De captivants à banals, les articles et photographies de “The Baguette” sont une tentative de publier un journal de ma vie dans la Manche et de proposer un forum de discussion pour tout ce qui touche à la Normandie.
On Friday, after some cloudy skies in the morning, the sun came out and I decided to continue with my hikes along le sentier des douaniers near Vauville. I parked near l’ancien carrière at the bottom of the D318 and proceeded to walk down la rue following the signs to le prieuré.
The Benedictine priory of St-Michel, which stands on a hill to the left of the road, was founded in 1147 by Richard, grandson of William of Vauville.

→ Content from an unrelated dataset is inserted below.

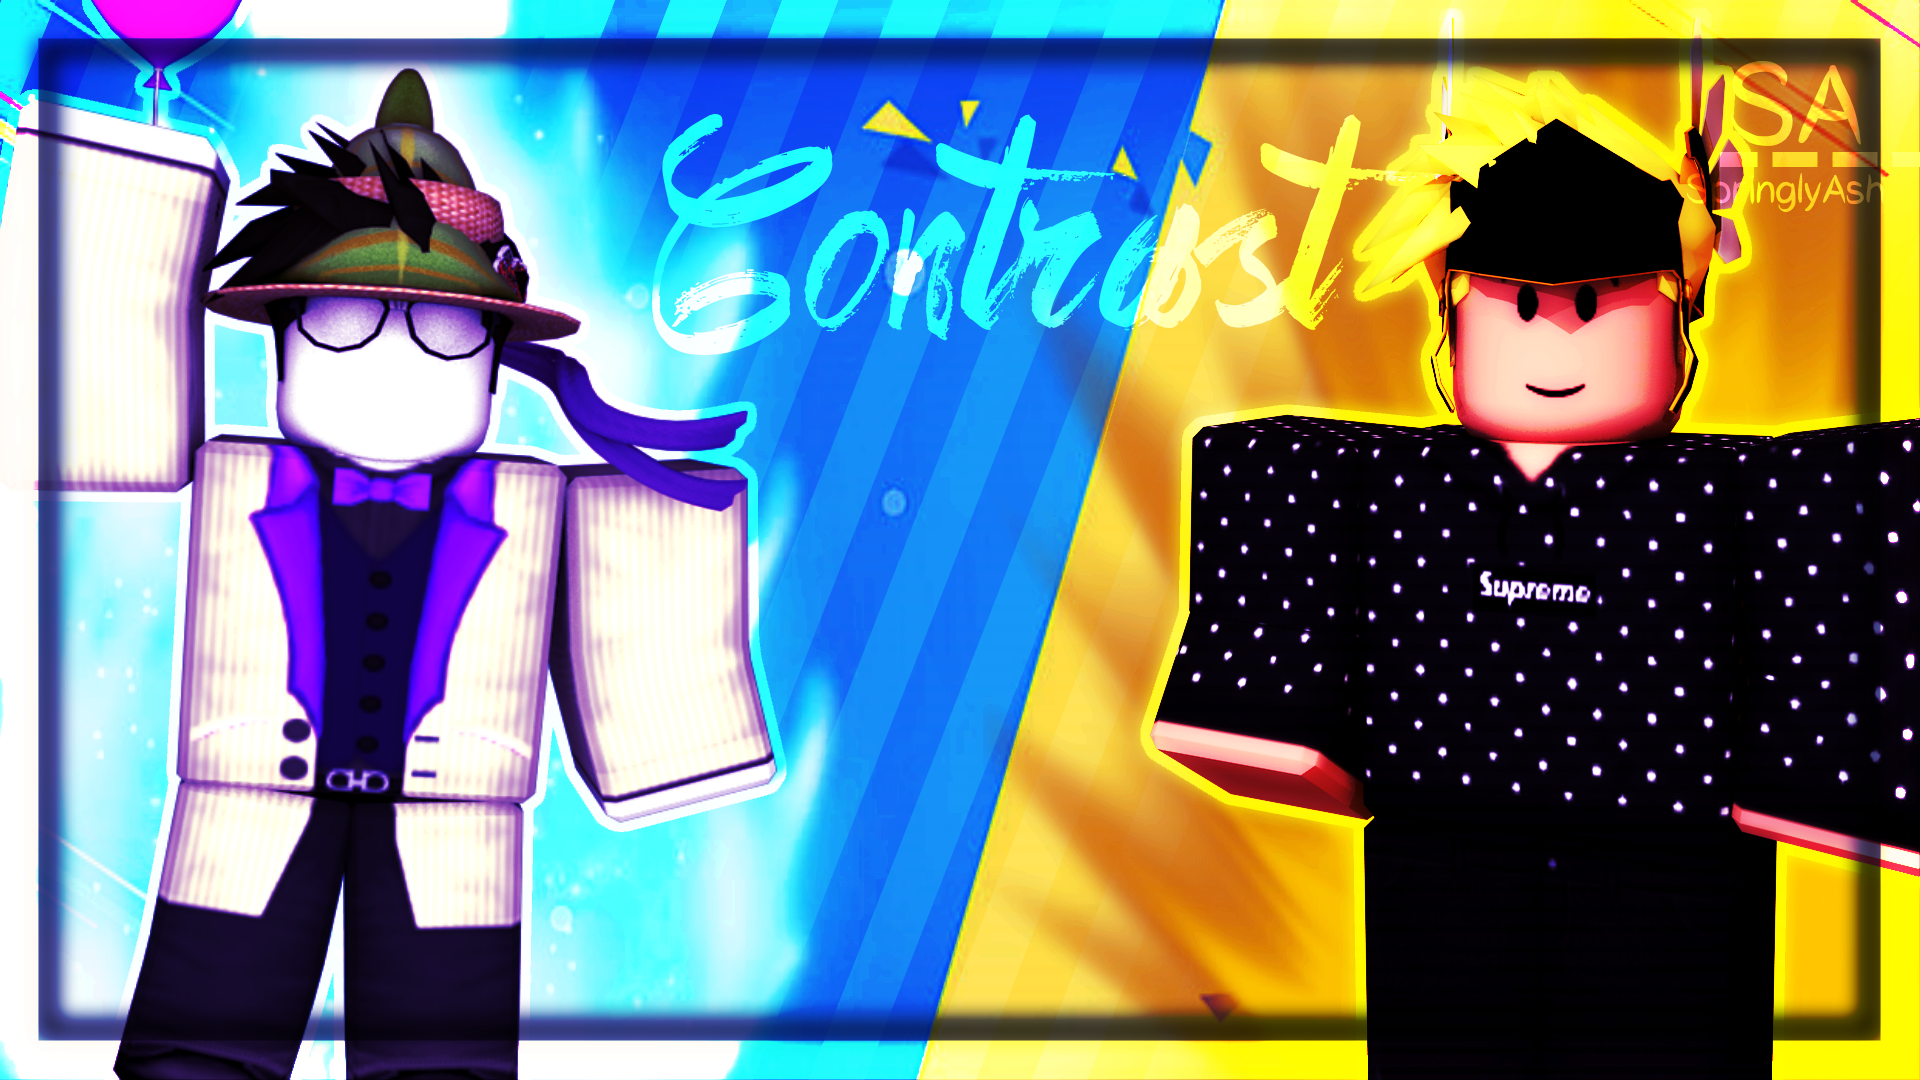 Roblox Gfx Contrast By Springlyash On Deviantart - roblox gfx developer quenty by springlyash on deviantart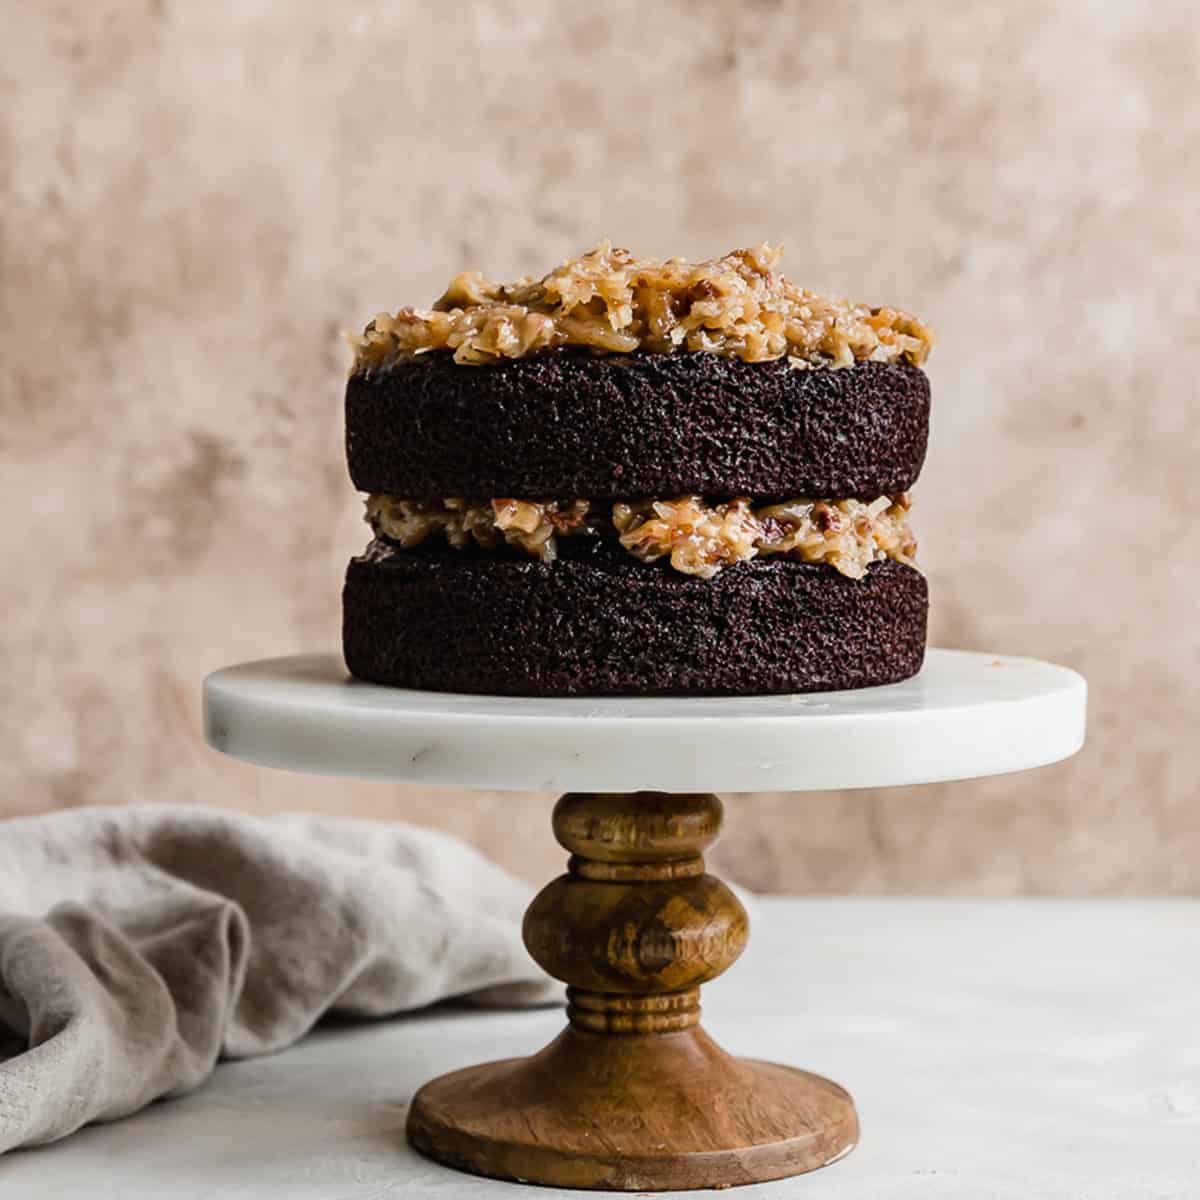 A two layer Small German Chocolate Cake on a white marble cake stand against a light brown background.

He was responsible for bringing here the monks of Cerisy-la-Forêt. It has long been called the Priory of St-Hermel and is the same priory where the Blessed Thomas Hélye (1187-1257), chaplain of St-Louis, came to study when he was very young. His body now lies in a reliquary tomb at the church in Biville.
Sadly, the priory is now a private residence and visits are not permitted beyond the white gate.
Famous local artist, Jean-François Millet did this oil painting of the priory. It now hangs in a museum in Amsterdam. This hike was only 8.2 kilometres long and was quite easy-going despite most of the uphill walking. At one point, I was at a level altitude with the La Hague Reprocessing Plant which I could see in the distance.
Up here there are a lot of fenced-in properties with cows, sheep, goats and horses grazing—I had to be sure I closed gates behind me as I went along the trails.
Le petit Doué lies at the bottom of the path where I stumbled upon a covered lavoir once used by residents to wash their clothes. I wanted to visit the church in Vauville again and so I followed the signs into town.
The church was placed under the patronage of St-Martin and its construction is dated to around 1160, shortly after that of the priory. The three-level bell tower has Romanesque windows and is covered with a pyramid roof. There used to be three bells in the belfry but they were recast in Villedieu on February 3, 1951 and the new electric bell was blessed on June 12, 1952.
The nave is covered in wood from the 12th century. The Lady Chapel dates from the beginning of 13th century as does the Gothic choir, which was renovated in the 18th century and is well lit by the modern windows placed there in 1966.
Just beyond the church are the château and the jardin botanique. I chose not to visit them since I’ve been there so many times before. The château was built in 1163 by Richard of Vauville—only the keep remains. The current building from the 17th century has two wings built at right angles above the former foundations.
It is the property of Guillaume Pellerin whose father designed the botanical gardens nearby. In 1972 the château was inscribed as a historical monument and the gardens were included in 1992. The château is almost always closed since it is a private residence and therefore only opens during European Heritage Days in October. However, the gardens are open throughout the year and are quite beautiful. They contain the largest palm grove in northern Europe.
After walking around the town, I followed the beach back to where I parked my car.